--- Task ---
Repeat the data word for word and skip the pictures.

--- Stored data ---
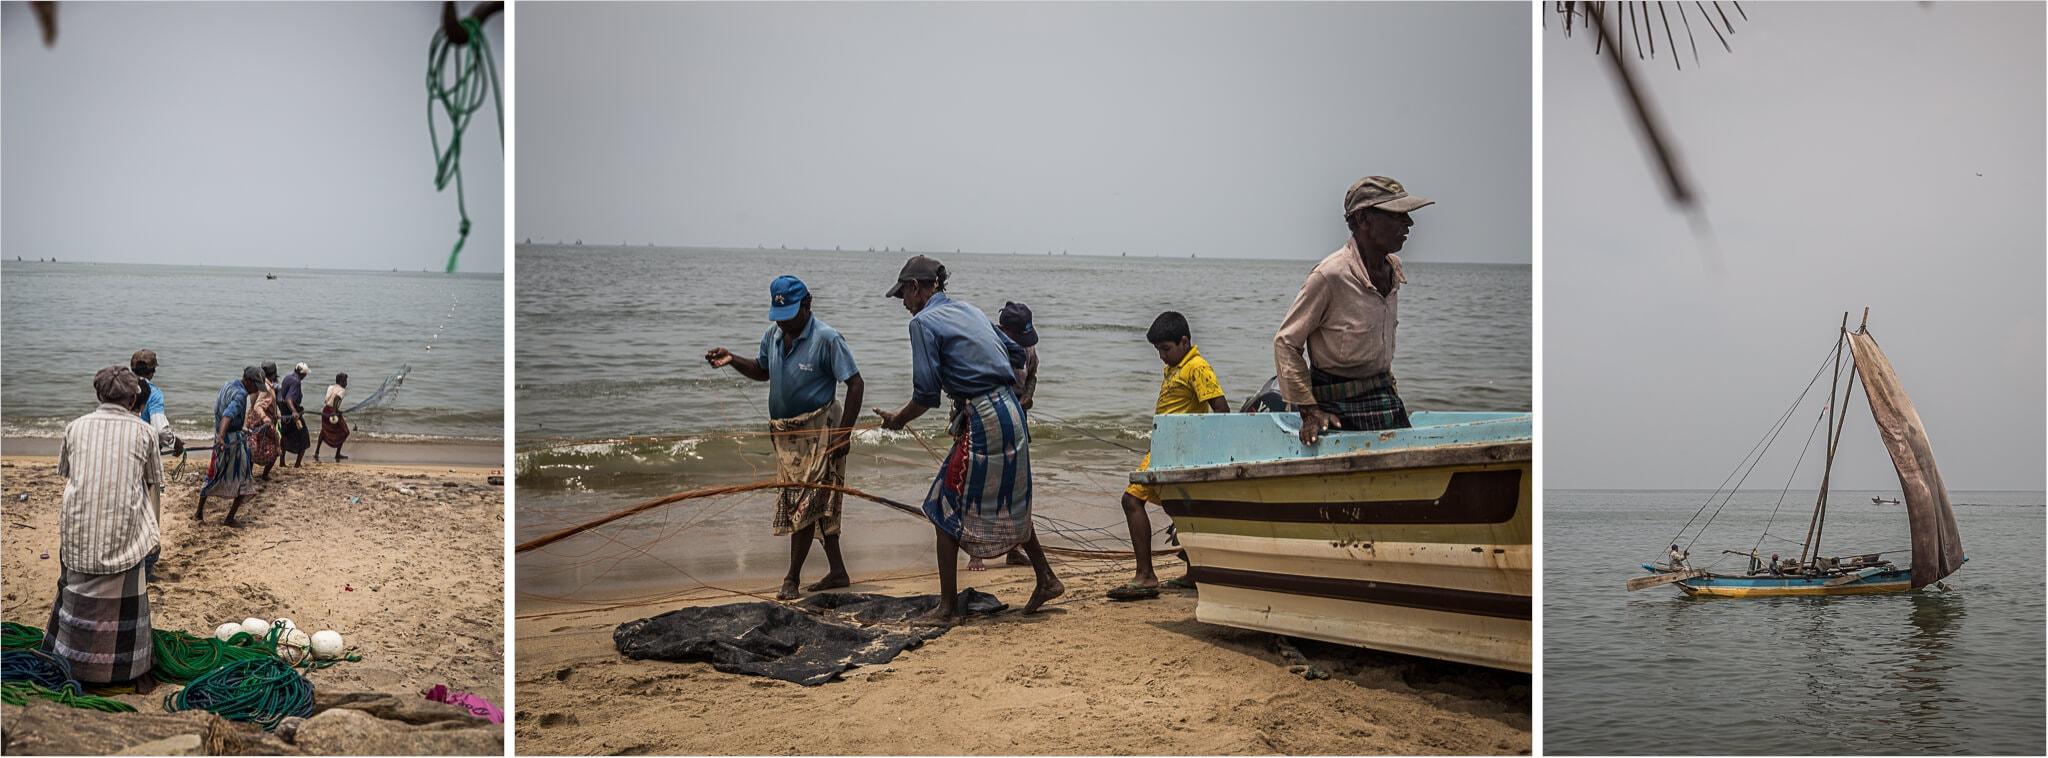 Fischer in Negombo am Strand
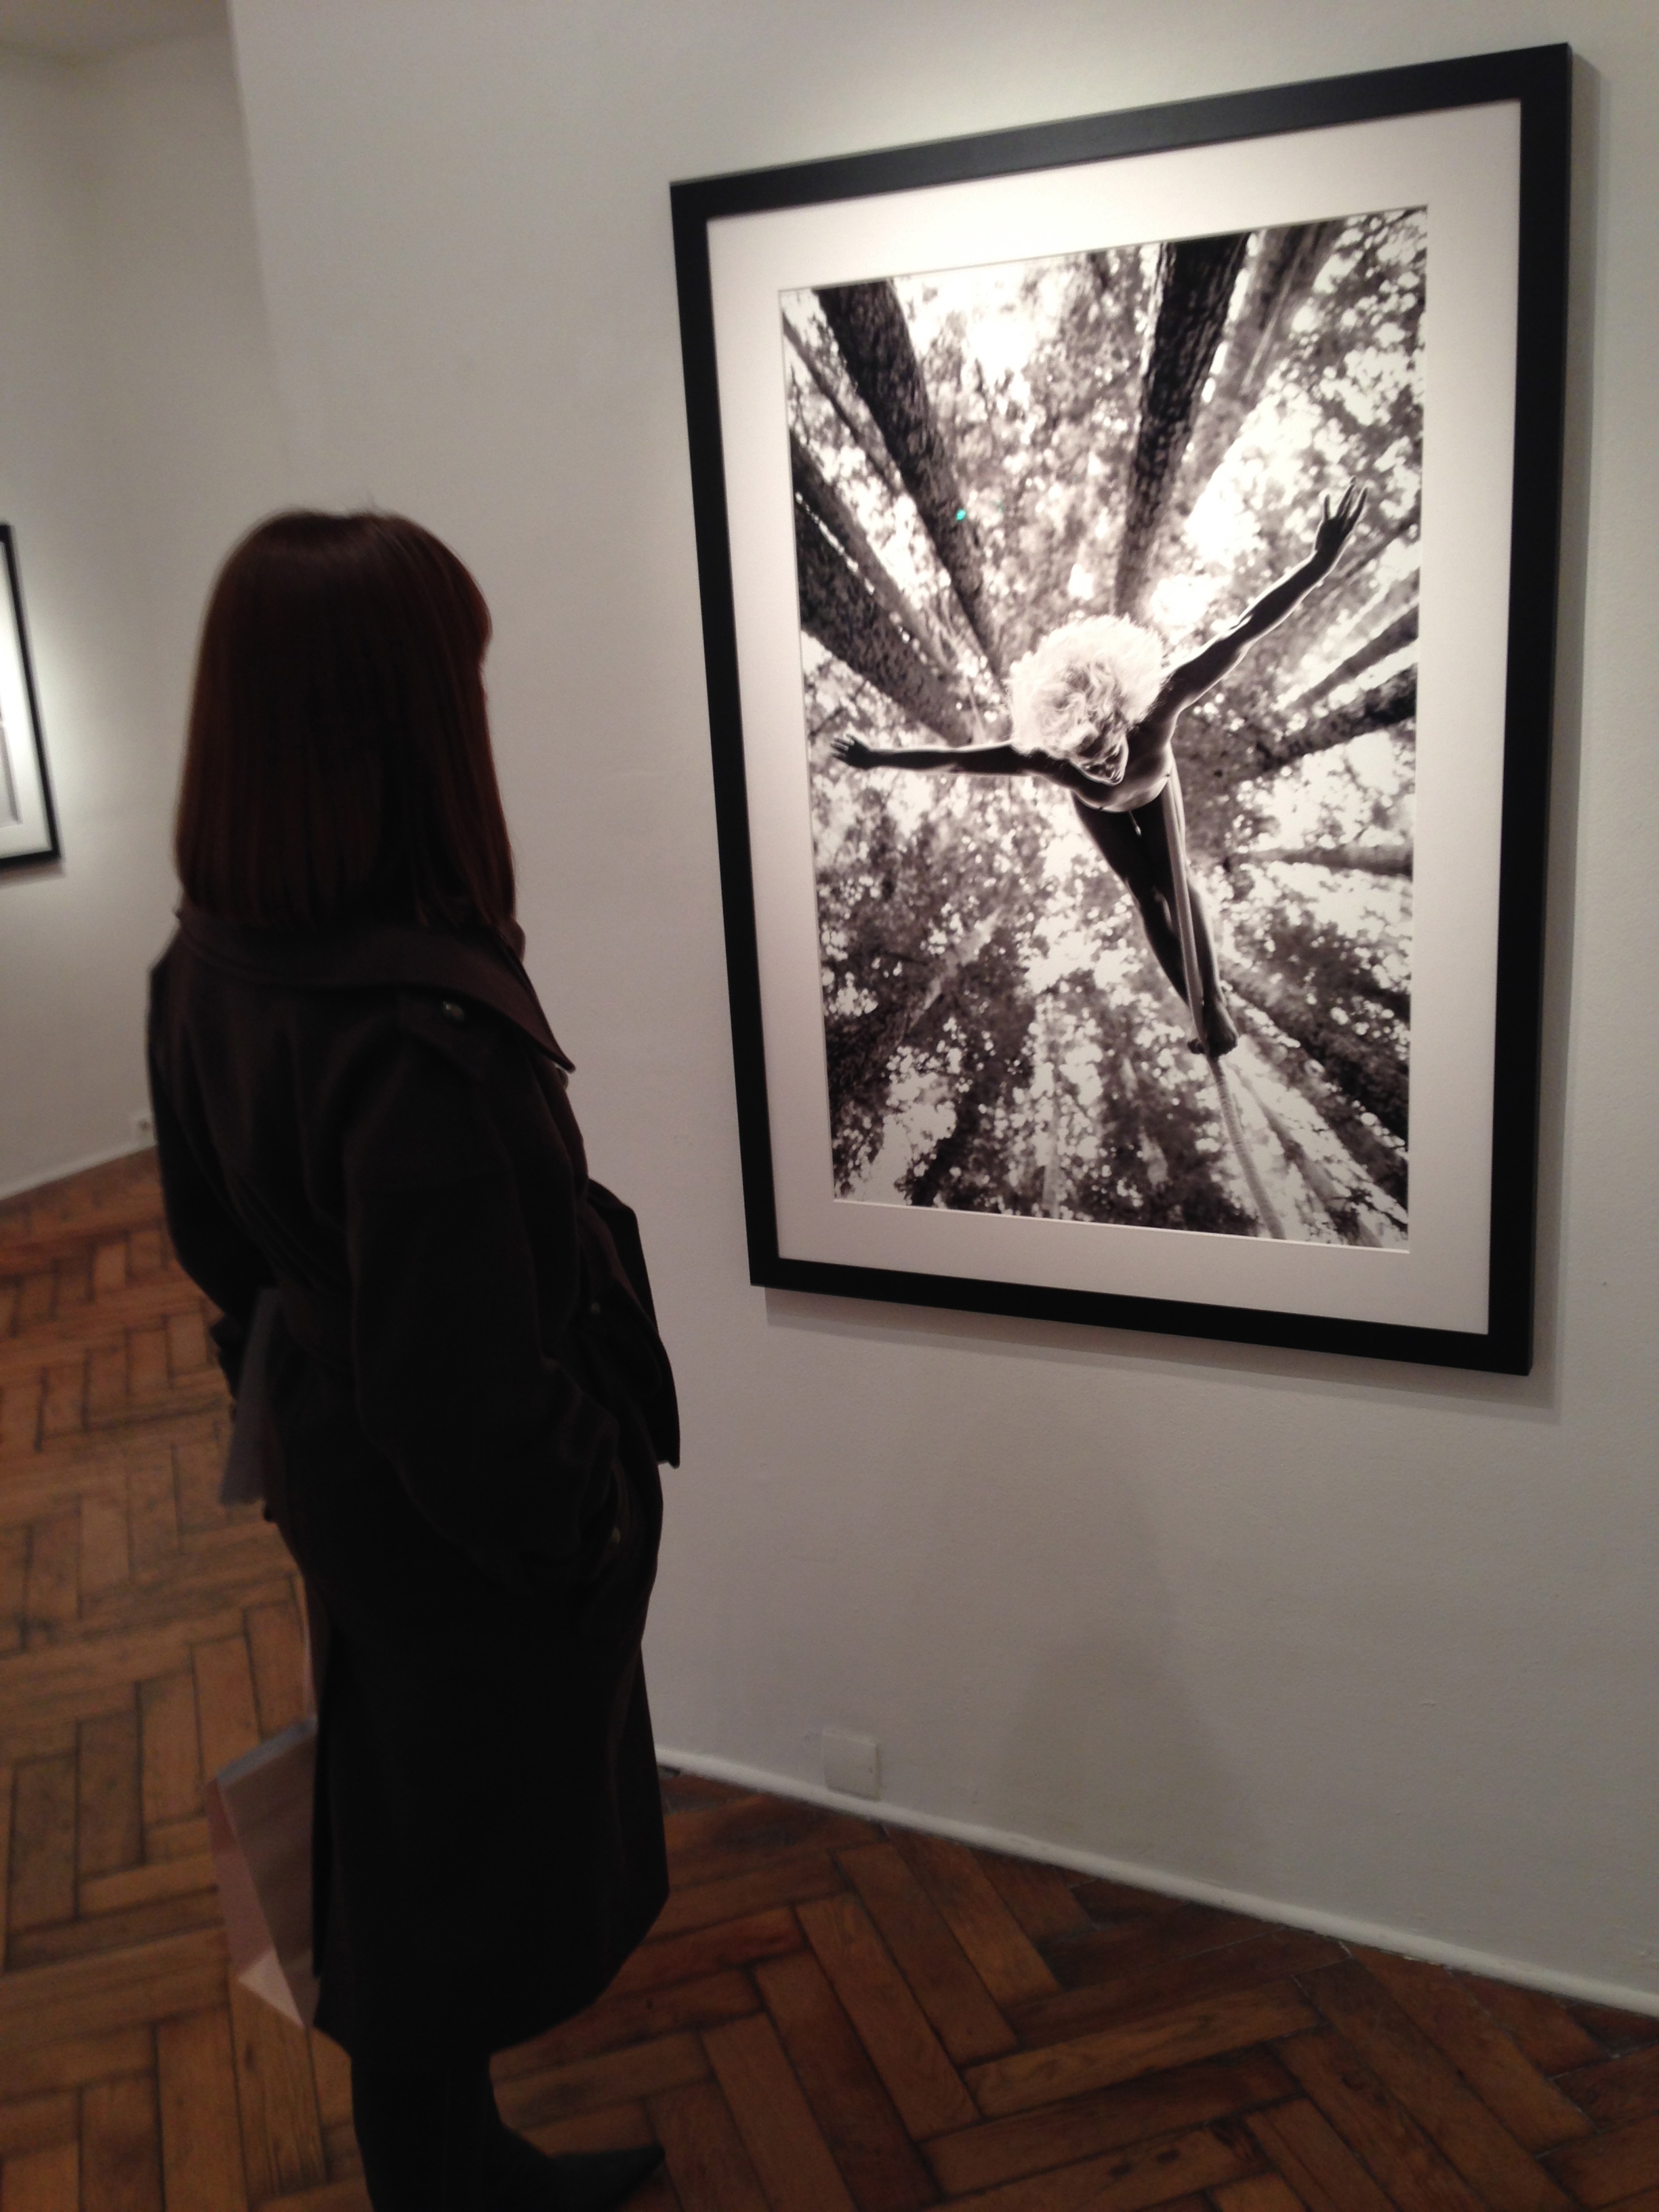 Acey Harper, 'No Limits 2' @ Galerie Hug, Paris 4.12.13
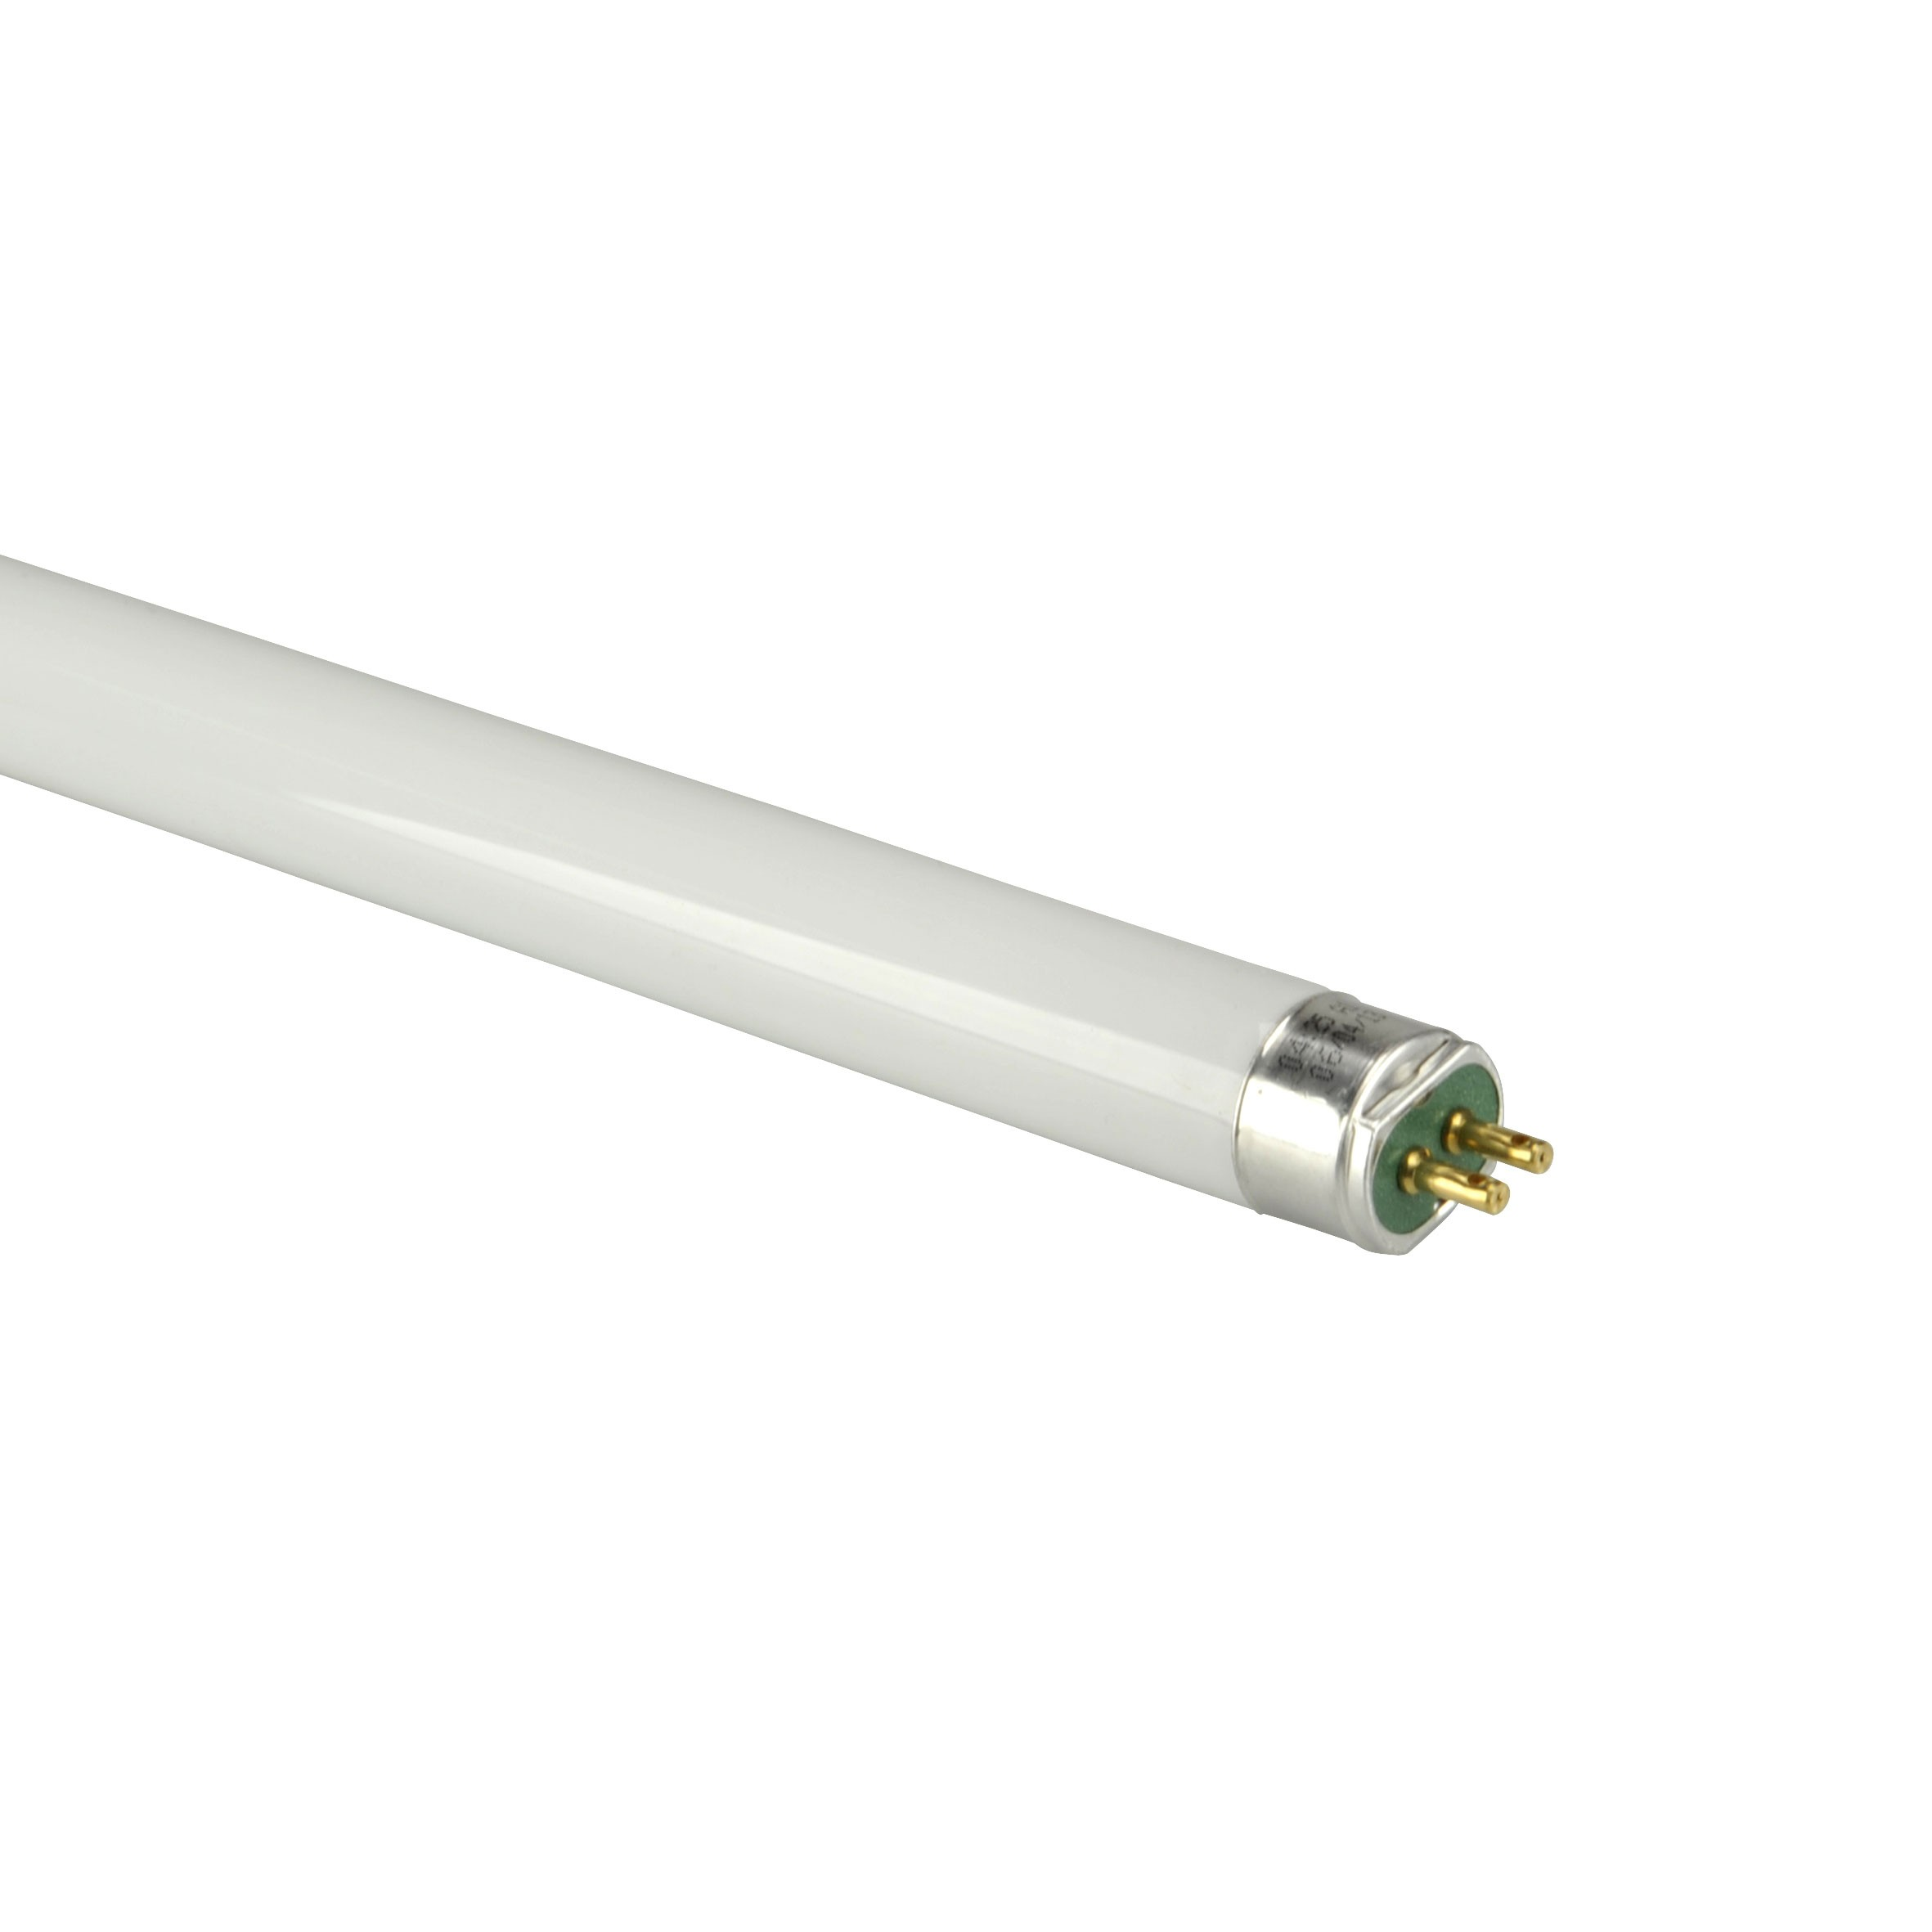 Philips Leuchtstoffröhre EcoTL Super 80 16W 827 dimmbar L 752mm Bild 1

--- Answer to the problem ---
 Fischer in Negombo am Strand
 Acey Harper, 'No Limits 2' @ Galerie Hug, Paris 4.12.13
 Philips Leuchtstoffröhre EcoTL Super 80 16W 827 dimmbar L 752mm Bild 1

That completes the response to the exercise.